EXERCISE AND HOLD: If you elect this alternative, you must pay the full Exercise Price plus related taxes (in cash, a cash equivalent or in Shares having a Fair Market Value equal to the Exercise Price and which you have owned for at least six months before the exercise date). When the transaction is complete, you will receive the number of Shares purchased.
You may never exercise your NSO to purchase a fractional Share. Any fractional Share shall be redeemed for cash equal to the Fair Market Value of such fractional Share.
General Expiration Rules. In general, your NSO will expire on the Expiration Date.

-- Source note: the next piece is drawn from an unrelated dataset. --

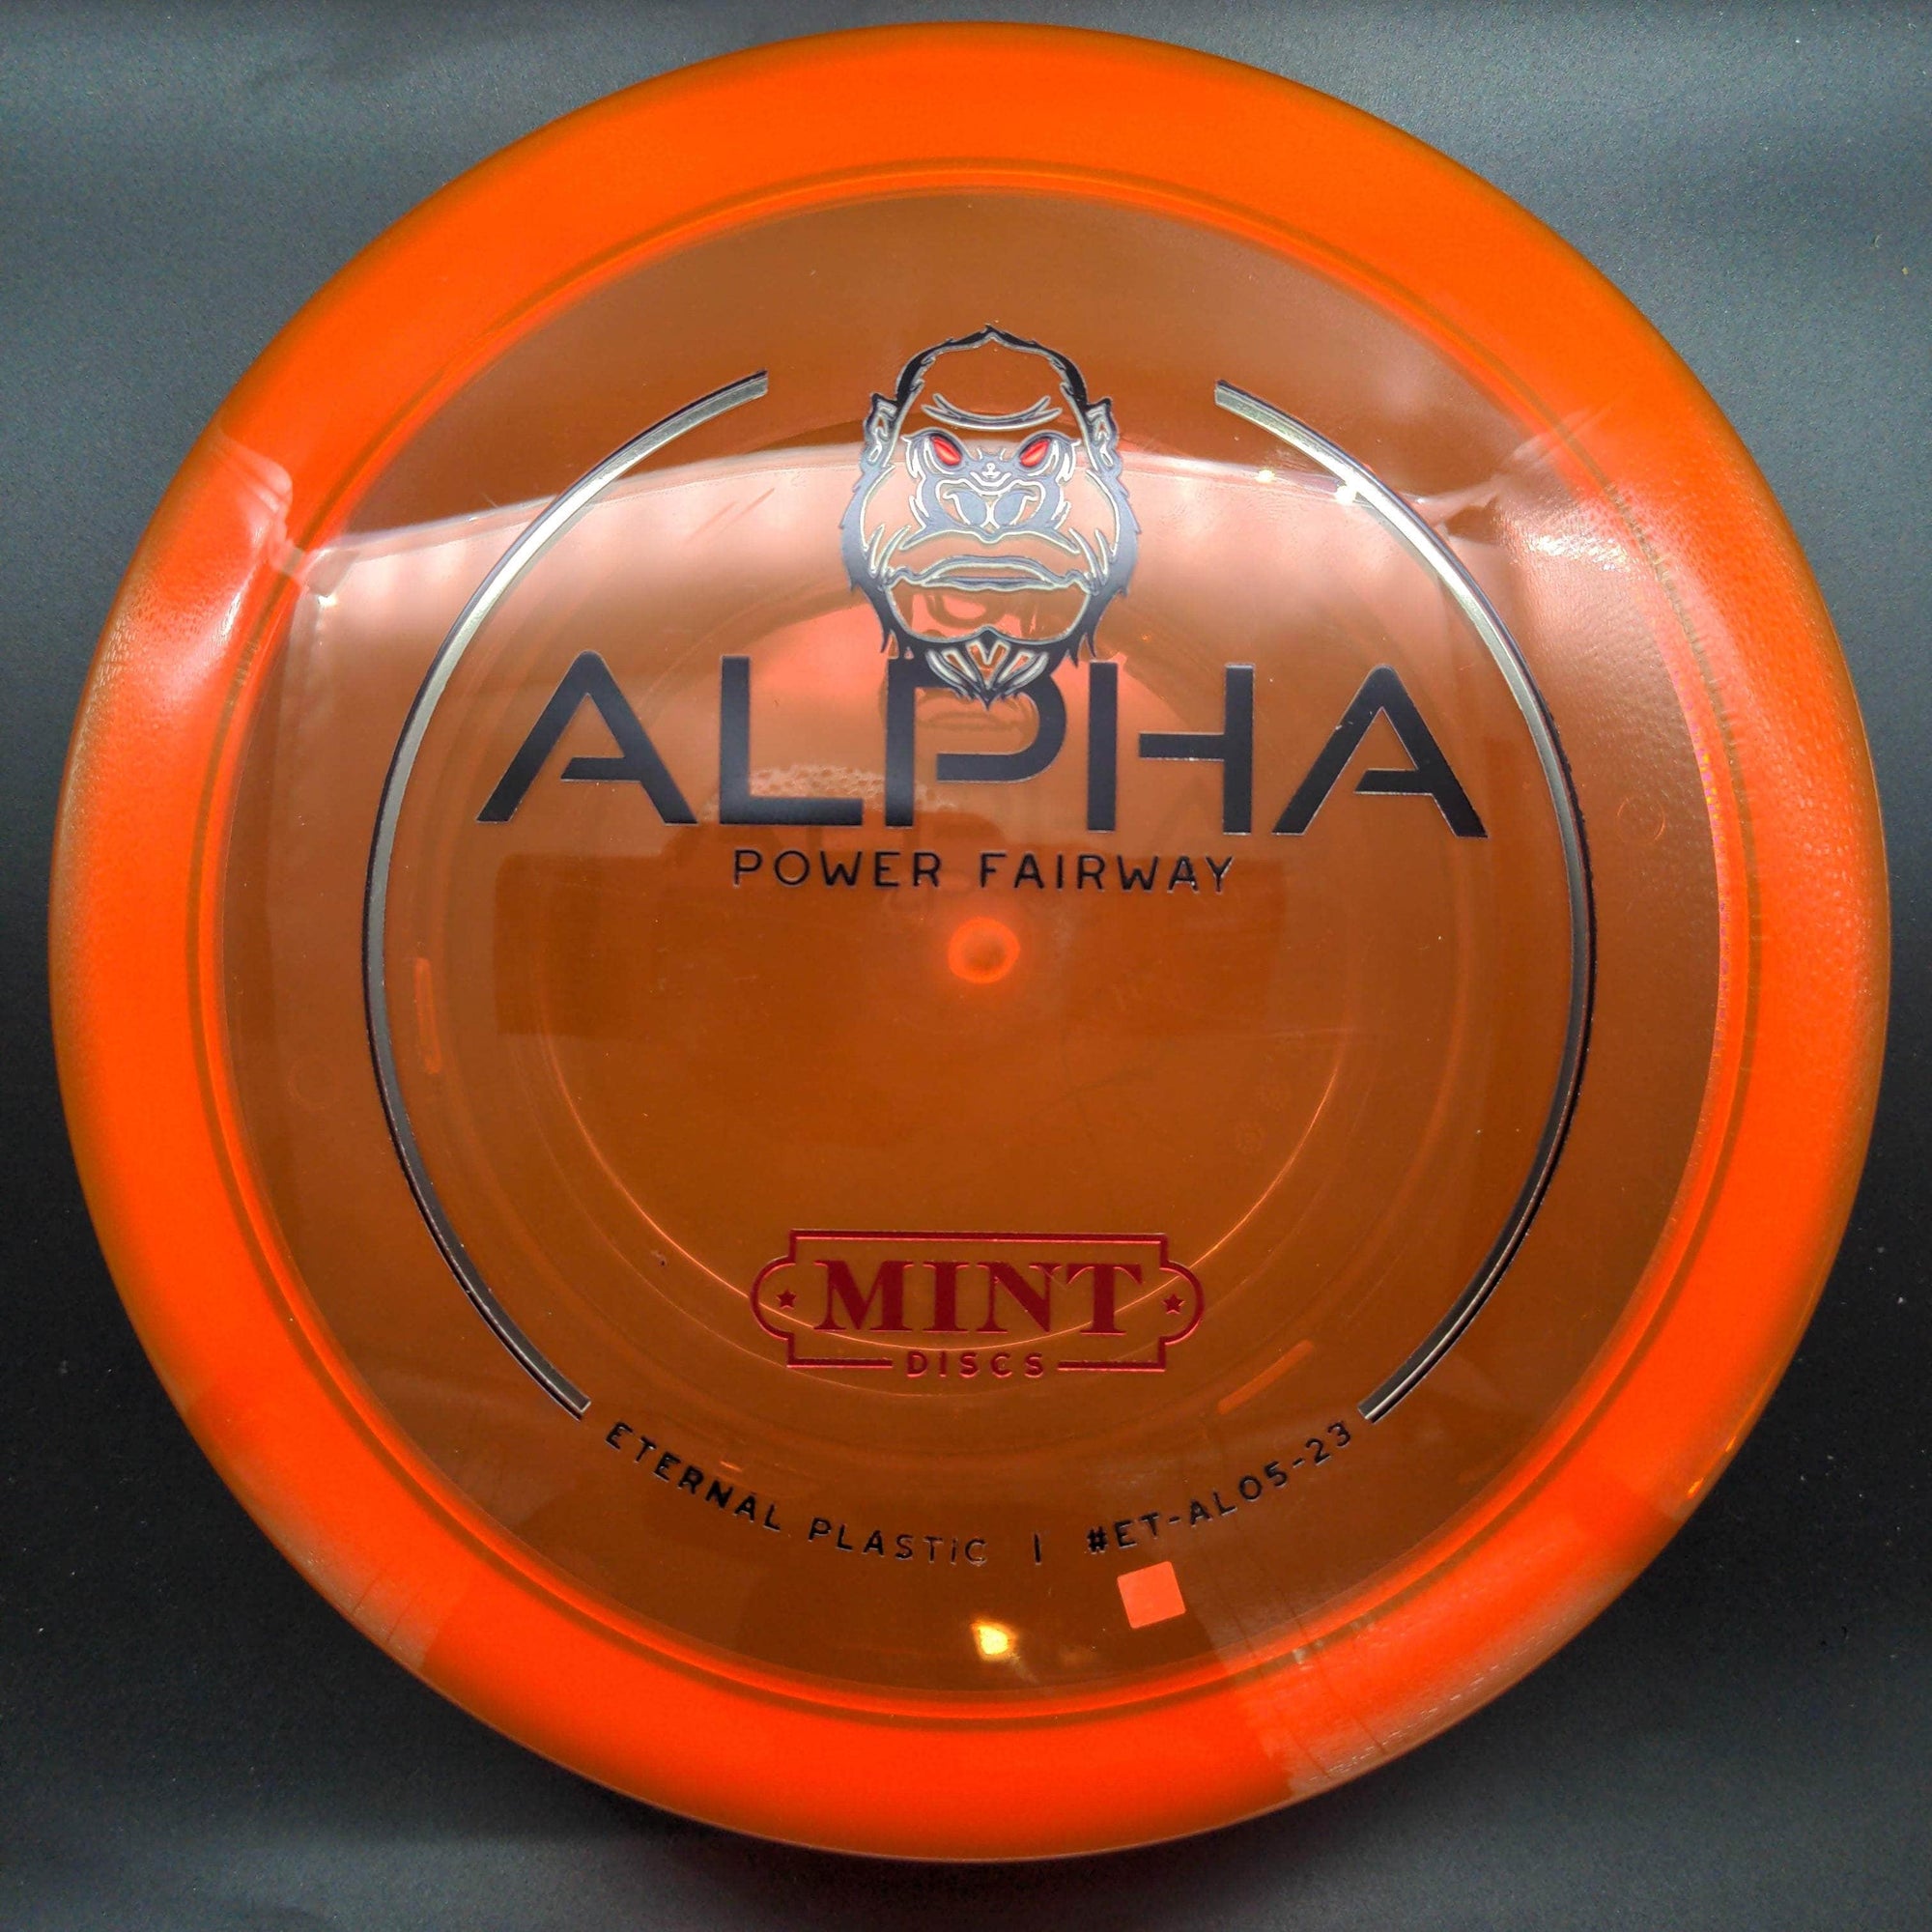 Mint Discs Fairway Driver Orange Red Stamp 174g 2 Alpha, Enteral Plastic

Forfeiture Rules. In the following instances, your NSO will expire and you will forfeit your NSO prior to the Expiration Date:
If you Terminate before the Vesting Date, except as provided in Section 3 above, you will forfeit your NSO in its entirety;
If you engage in “Conduct That Is Harmful To The Company” (as described below), you will forfeit your NSO and must return to the Company all Shares and other amounts you have received through the Plan or this Award Agreement if, without the Company’s written consent, you do any of the following within [Number] days before and [Number] days after you Terminate:
You breach any confidentiality, nondisclosure, and/or noncompetition obligations under any agreement or plan with the Company or any Affiliate or Subsidiary;
You fail or refuse to consult with, supply information to or otherwise cooperate with the Company or any Affiliate or Subsidiary after having been requested to do so;
You deliberately engage in any action that the Company concludes has caused substantial harm to the interests of the Company or any Affiliate or Subsidiary;
You fail to return all property (other than personal property), including vehicles, computer or other equipment or electronic devices, keys, notes, memoranda, writings, lists, files, reports, customer lists, correspondence, tapes, disks, cards, surveys, maps, logs, machines, technical data, formulae or any other tangible property or document and any and all copies, duplicates or reproductions that you have produced or received or have otherwise been provided to you in the course of your employment with the Company or any Affiliate or Subsidiary; or
You engaged in conduct that the Committee reasonably concludes would have given rise to a Termination for Cause had it been discovered before you Terminated.
If you Terminate for Cause after the Vesting Date, the portion of your NSO that has not been exercised will be forfeited (whether or not then vested) on the date you Terminate; or
If you Terminate for any other reason after the Vesting Date, the portion of your NSO that is vested but has not been exercised will expire on the earlier of the Expiration Date or [Number] days after you Terminate.
You will consent (on your own behalf and on behalf of your beneficiaries and transferees and without any further consideration) to any necessary change to your NSO or this Award Agreement to comply with any law and to avoid paying penalties under Section 409A of the Code, even if those changes affect the terms of your NSO and reduce its value or potential value; and
You must return a signed copy of this Award Agreement to the address given above before [Date].